## About this exercise
Please retype the data below line for line and leave out every picture.

## Data segment
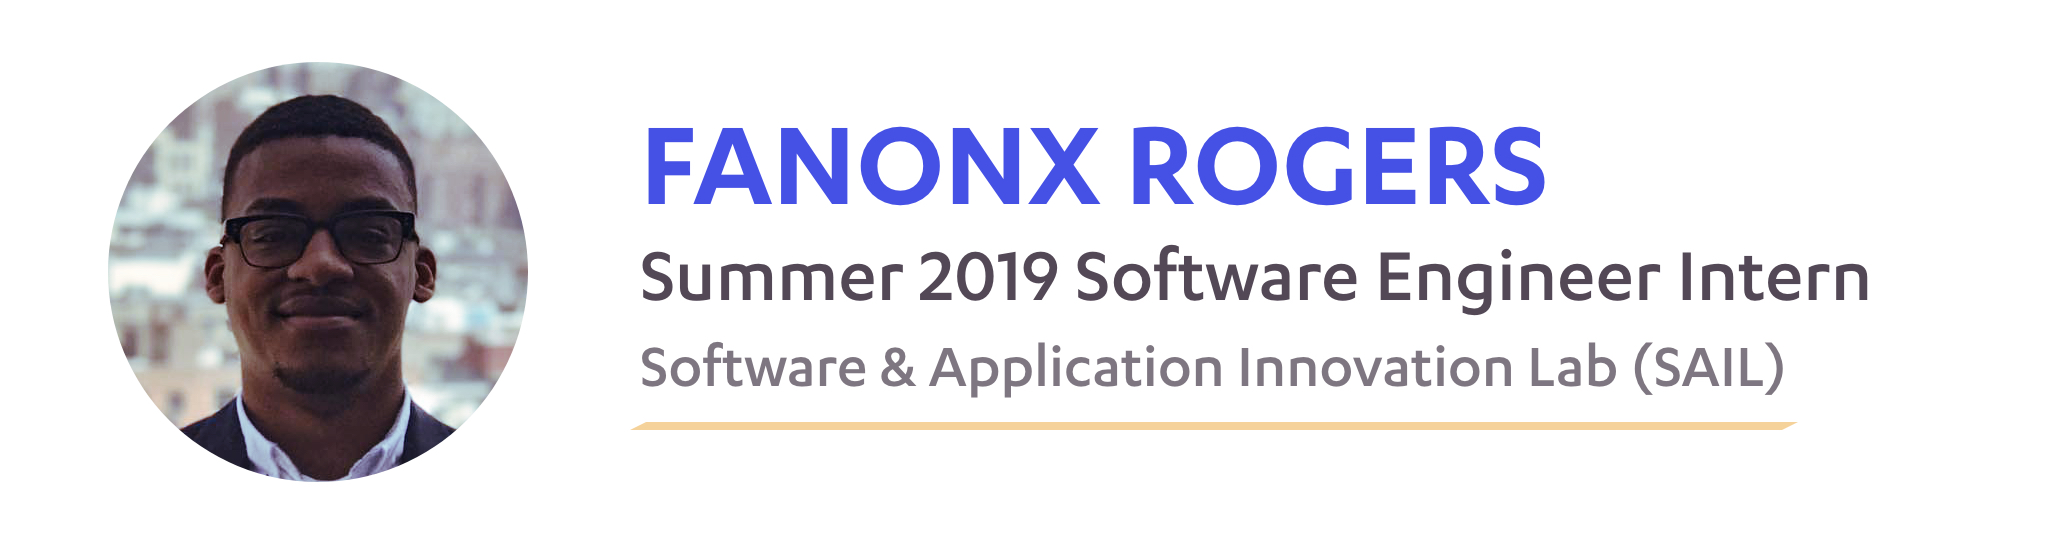 FanonX Rogers, SAIL Summer 2019 Software Engineer 
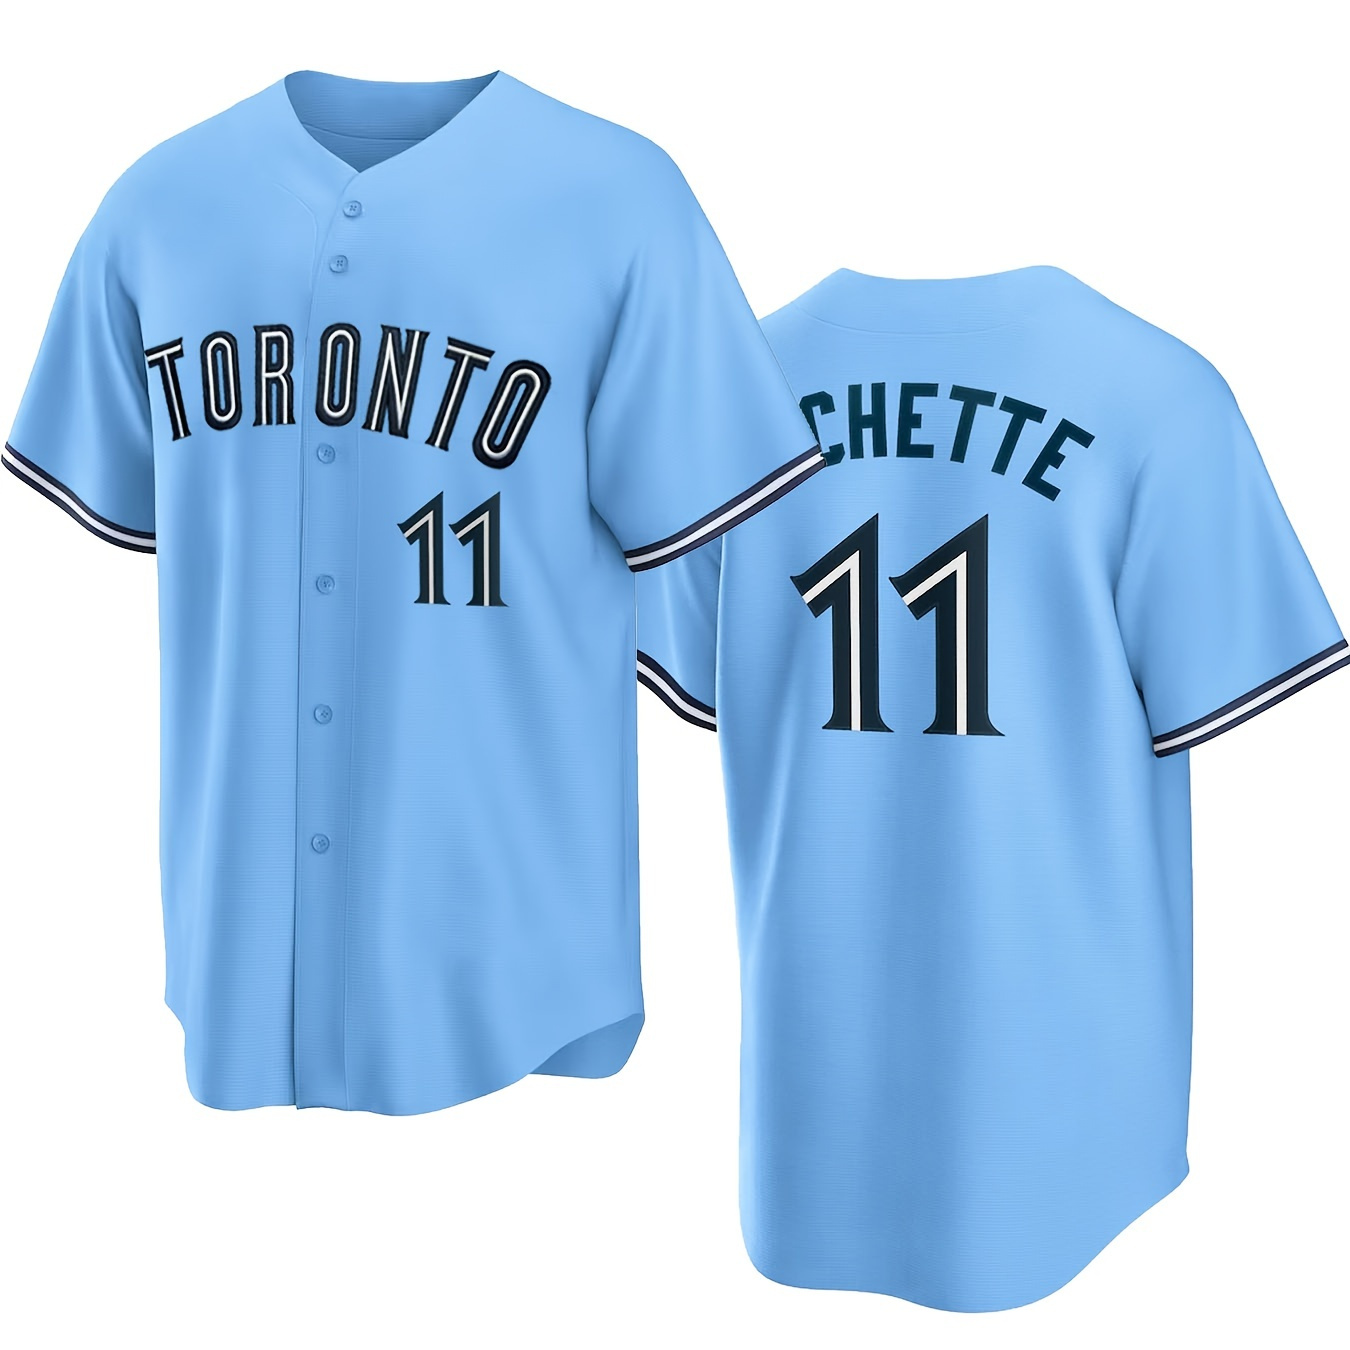 

Men's Toronto #11 Embroidered Street Short Sleeve V-neck Loose Button Up Shirt, Men's Summer Baseball Jersey, Gift For Men
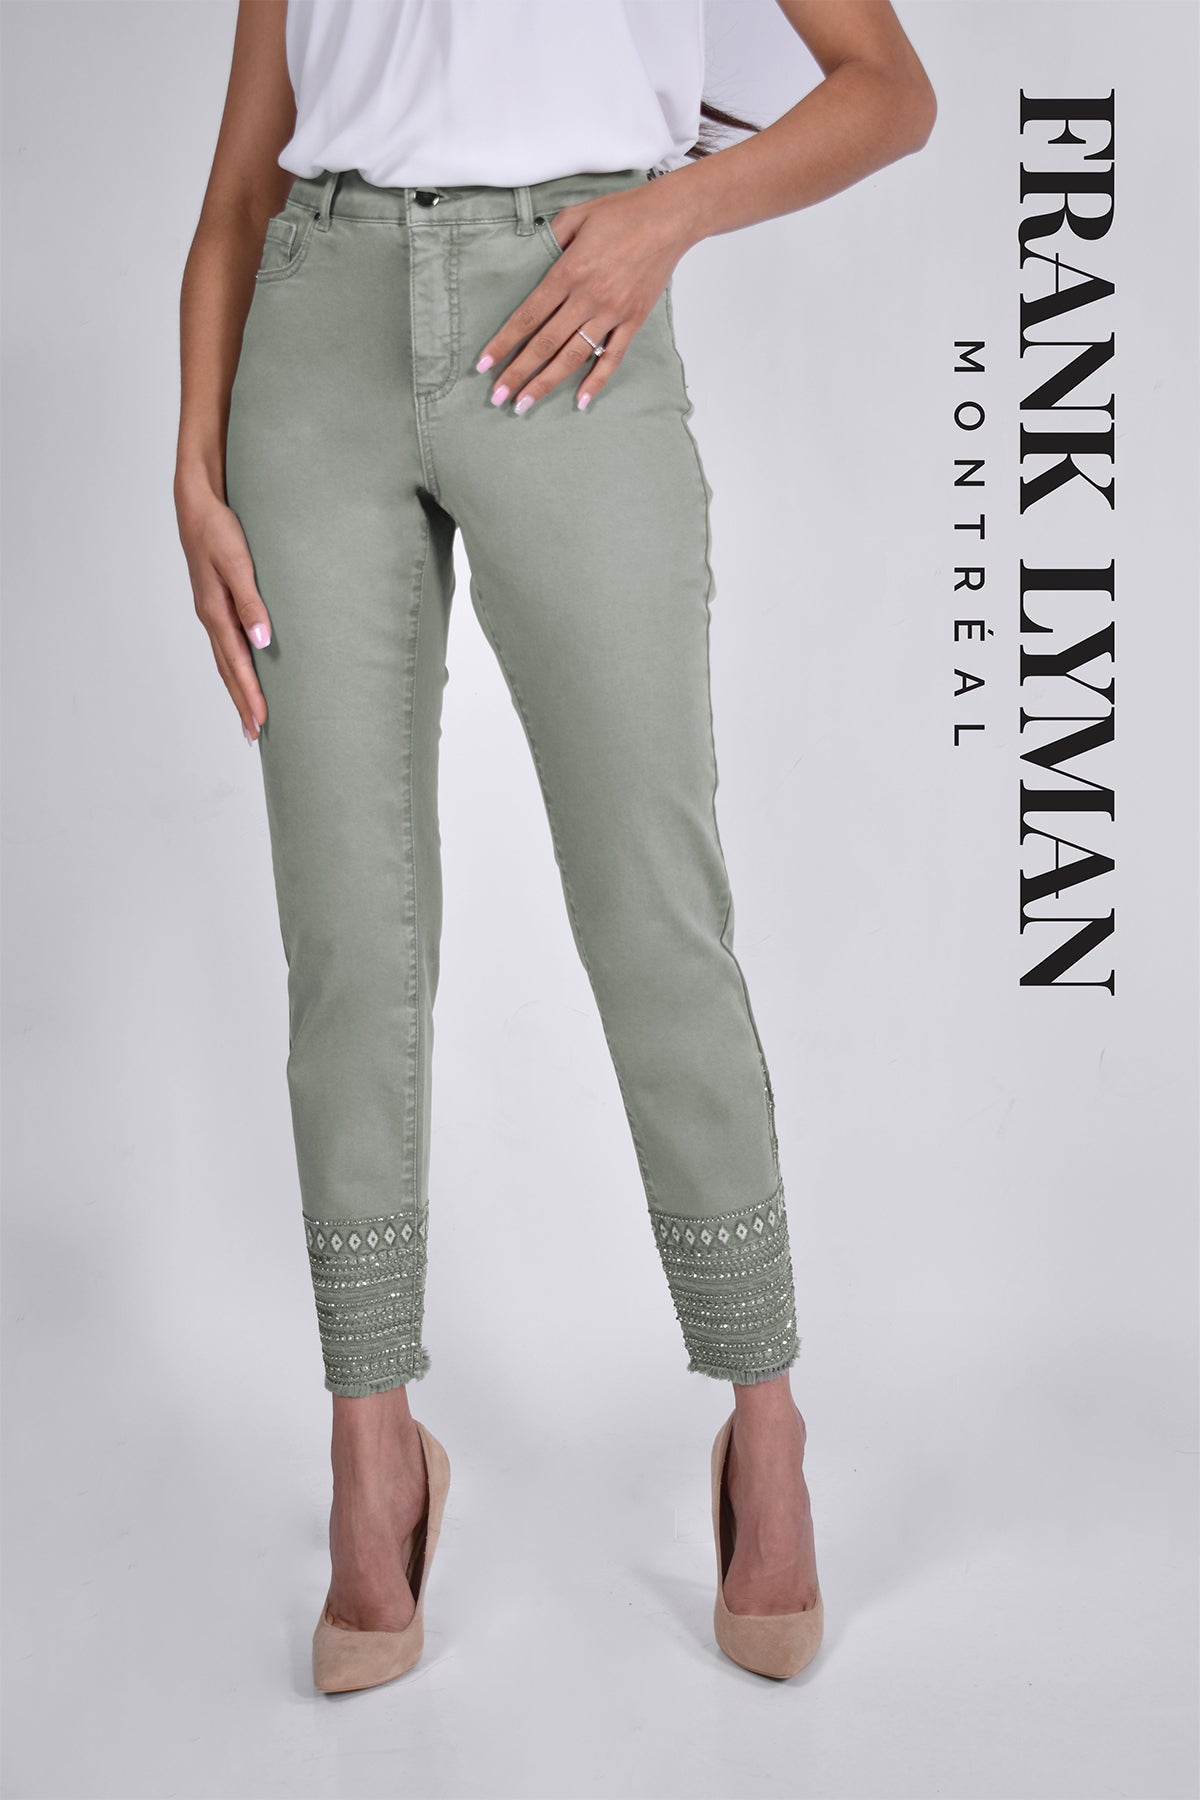 Frank Lyman Montreal Jeans-Buy Frank Lyman Montreal Jeans Online-Frank Lyman Montreal Online Jeans Shop
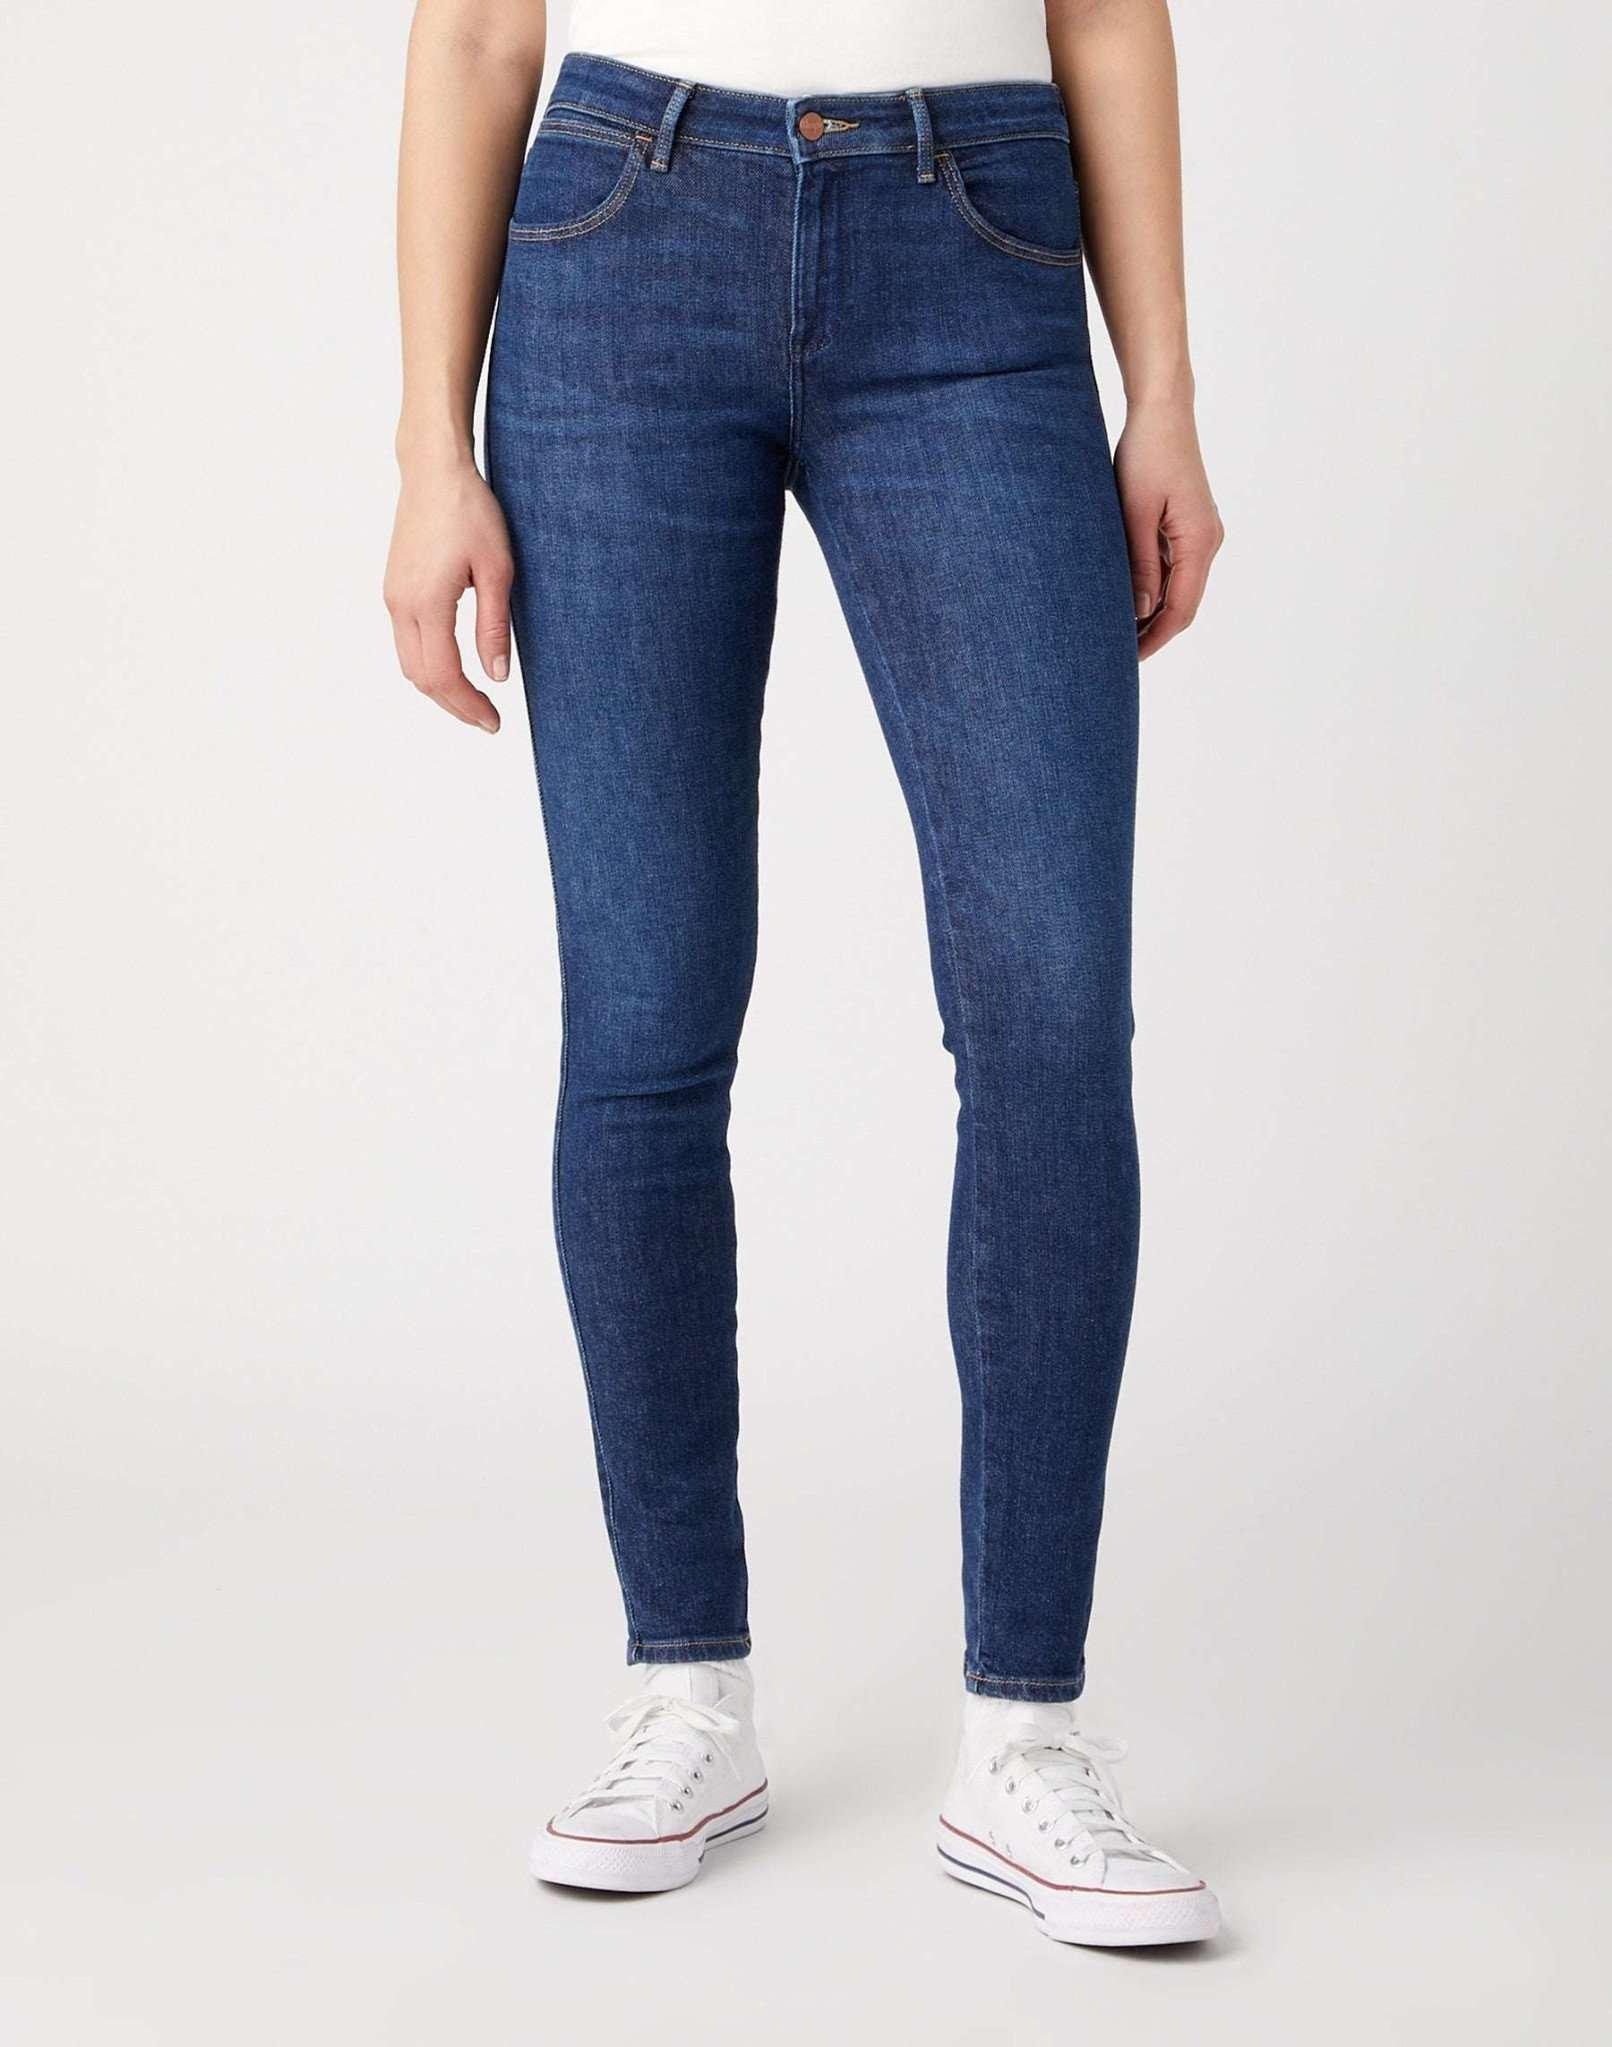 Jeans Skinny Fit Skinny Damen Blau L32/W27 von Wrangler

## Written reply
 FanonX Rogers, SAIL Summer 2019 Software Engineer 

Men's Toronto #11 Embroidered Street Short Sleeve V-neck Loose Button Up Shirt, Men's Summer Baseball Jersey, Gift For Men
 Frank Lyman Montreal Jeans-Buy Frank Lyman Montreal Jeans Online-Frank Lyman Montreal Online Jeans Shop
 Jeans Skinny Fit Skinny Damen Blau L32/W27 von Wrangler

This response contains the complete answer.